Reçu le 08 janvier 2025, dans une langue comprise, notification de la présente ordonnance avec remise d’une copie intégrale, information du délai d’appel et des modalités d’exercice de cette voie de recours, ainsi que le rappel des droits en rétention.
La personne retenue, présente par visioconférence,
Copie intégrale de la présente ordonnance a été transmise par l’intermédiaire d’un moyen de télécommunication comportant un accusé de réception, le 08 janvier 2025, à l’avocat du M. LE PRÉFET DE L'[Localité 12], absent au prononcé de la décision.

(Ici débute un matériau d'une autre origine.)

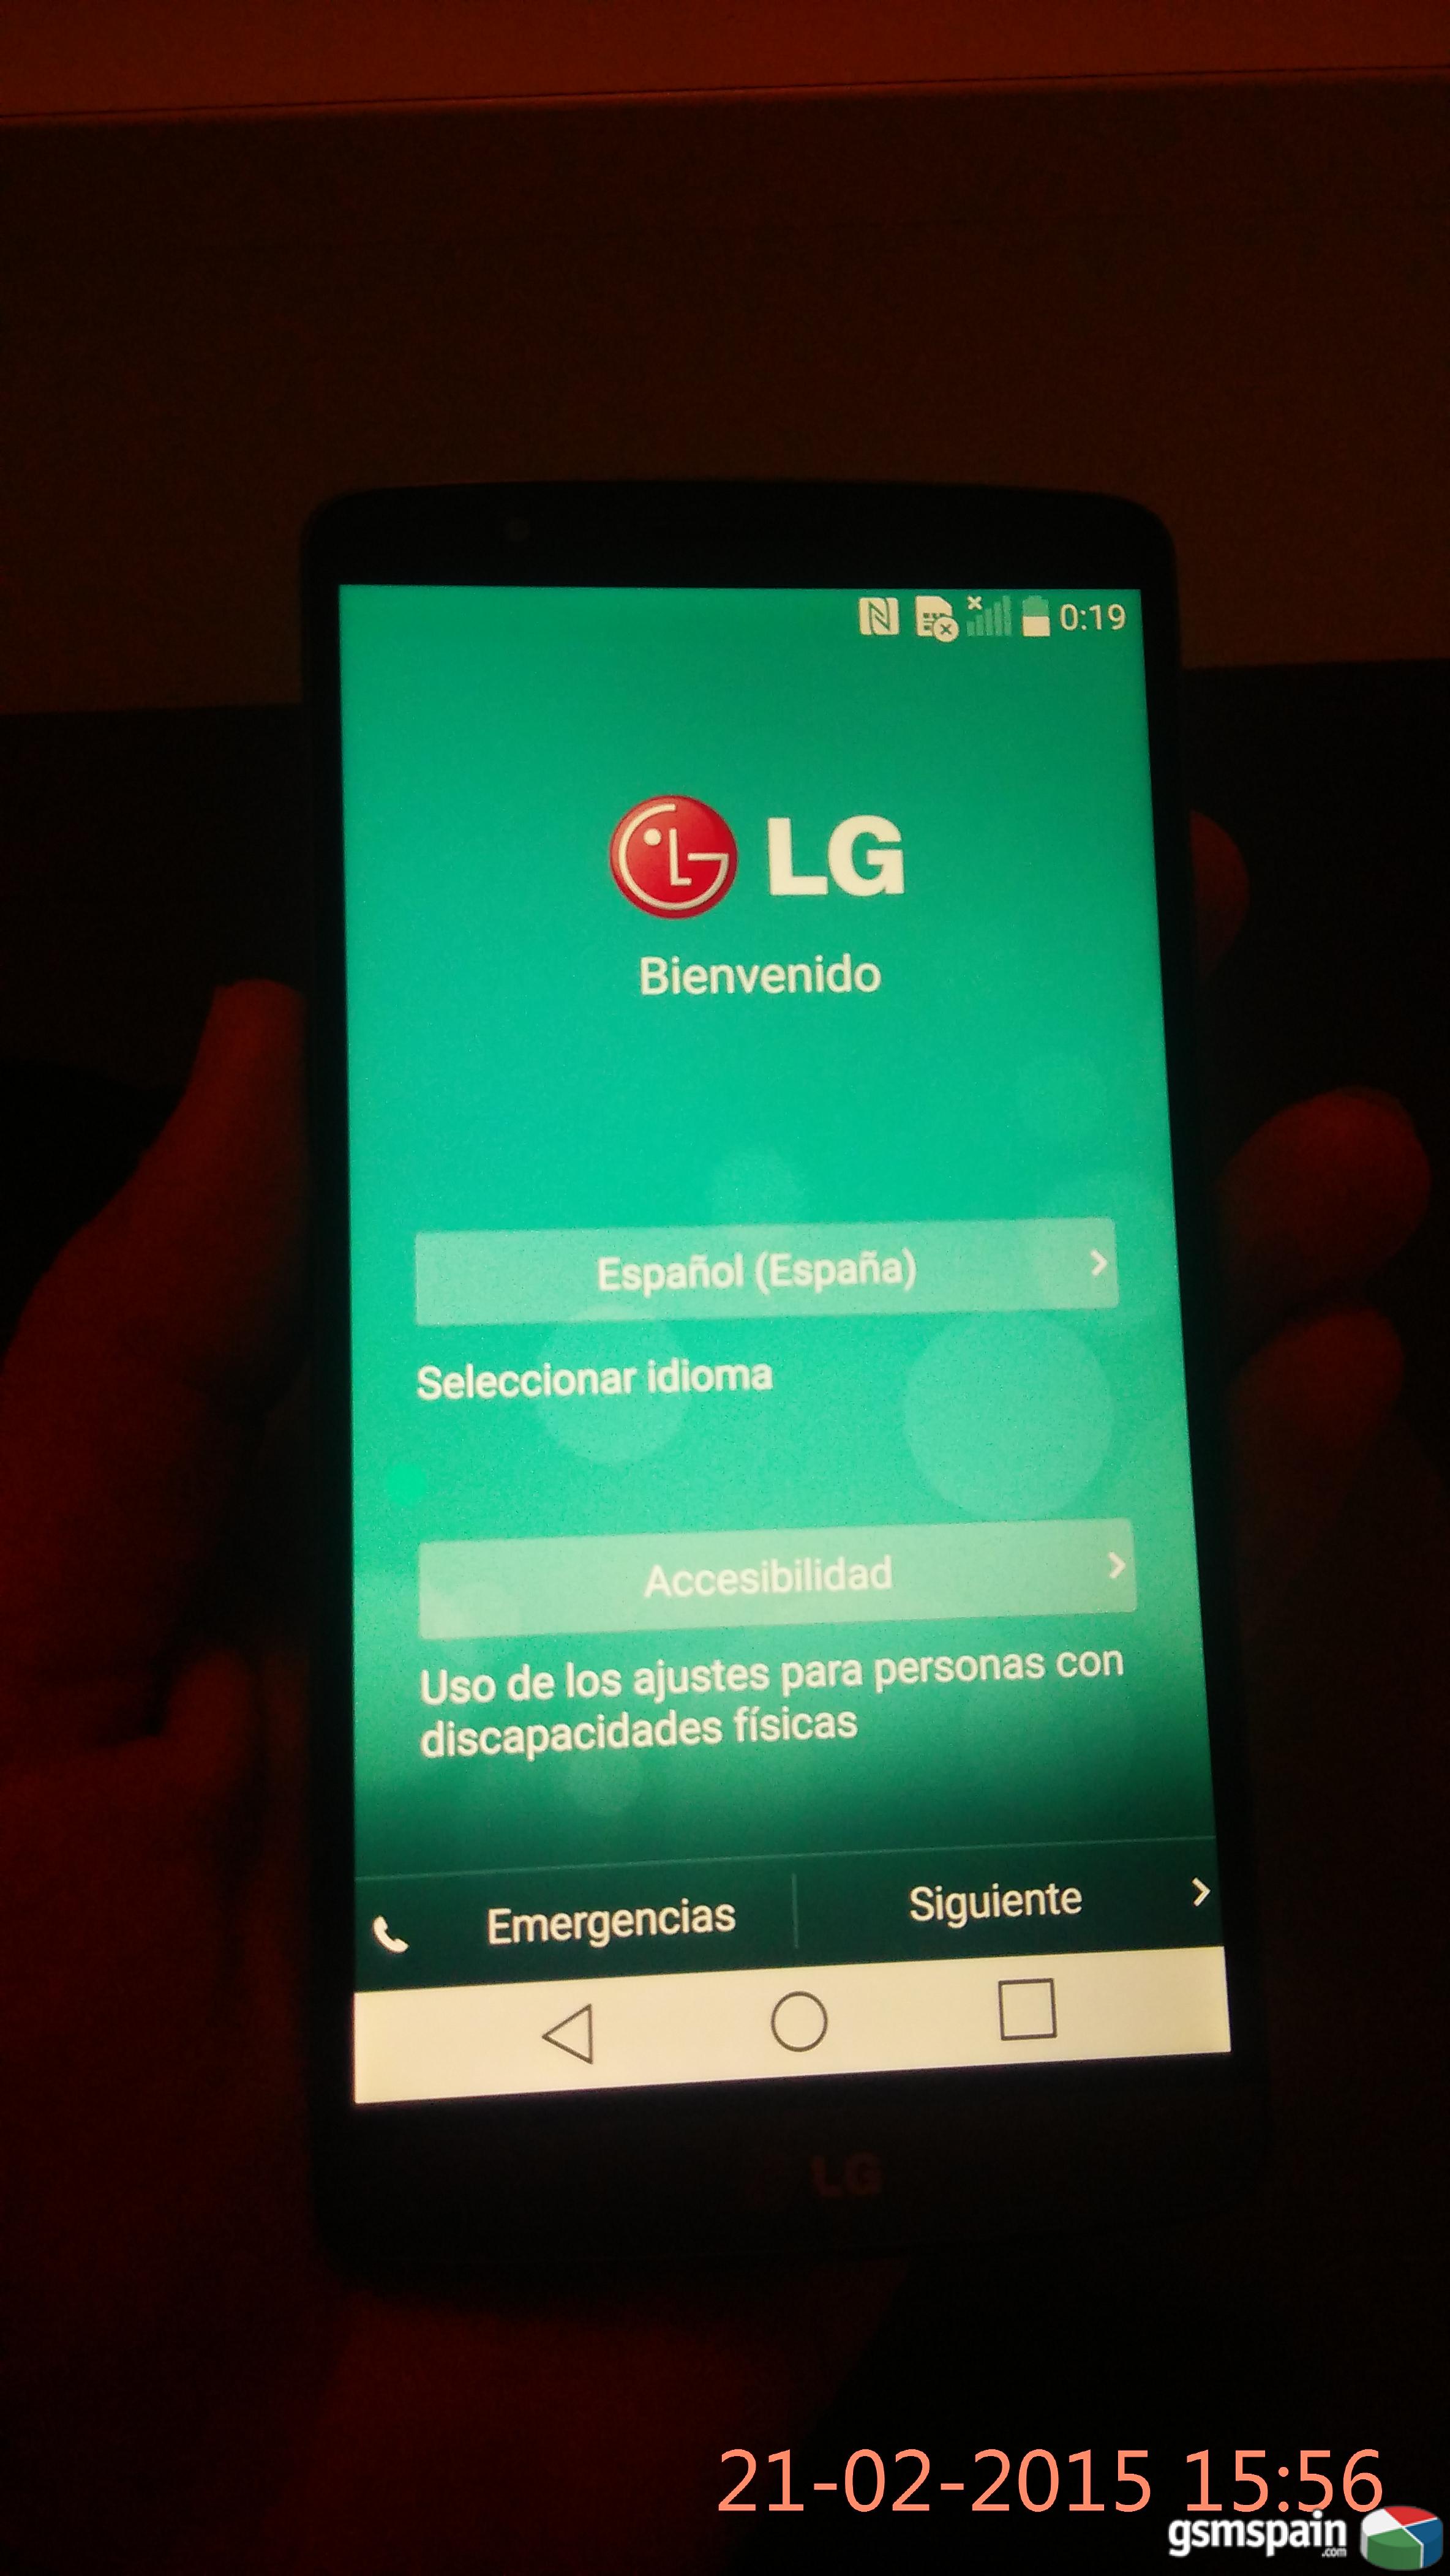 [VENDO] LG G3 TITAN 16GB libre como nuevo,Factura el corte ingles + funda  255 euros

Copie intégrale de la présente ordonnance a été transmise par l’intermédiaire d’un moyen de télécommunication comportant un accusé de réception, le 08 janvier 2025, à l’avocat de la personne retenue, absent au prononcé de la décision.
La présente décision a été adressée le 08 Janvier 2025 par courrier électronique à Madame le procureur de la République.
Le greffier,
La présente ordonnance a été portée à la connaissance du procureur de la République, le 08 janvier 2025 à ________ heures
Le greffier
Nous ………………………………………………………………, procureur de la République près le tribunal judiciaire de Strasbourg, déclarons ne pas Nous opposer à la mise à exécution de la présente ordonnance.
le ……………………………………… à ……………………………………… heures.
Le procureur de la République,
Nous ………………………………………………………………, procureur de la République près le tribunal judiciaire de Strasbourg, déclarons Nous opposer à la mise à exécution de la présente ordonnance.
le ……………………………………… à ……………………………………… heures.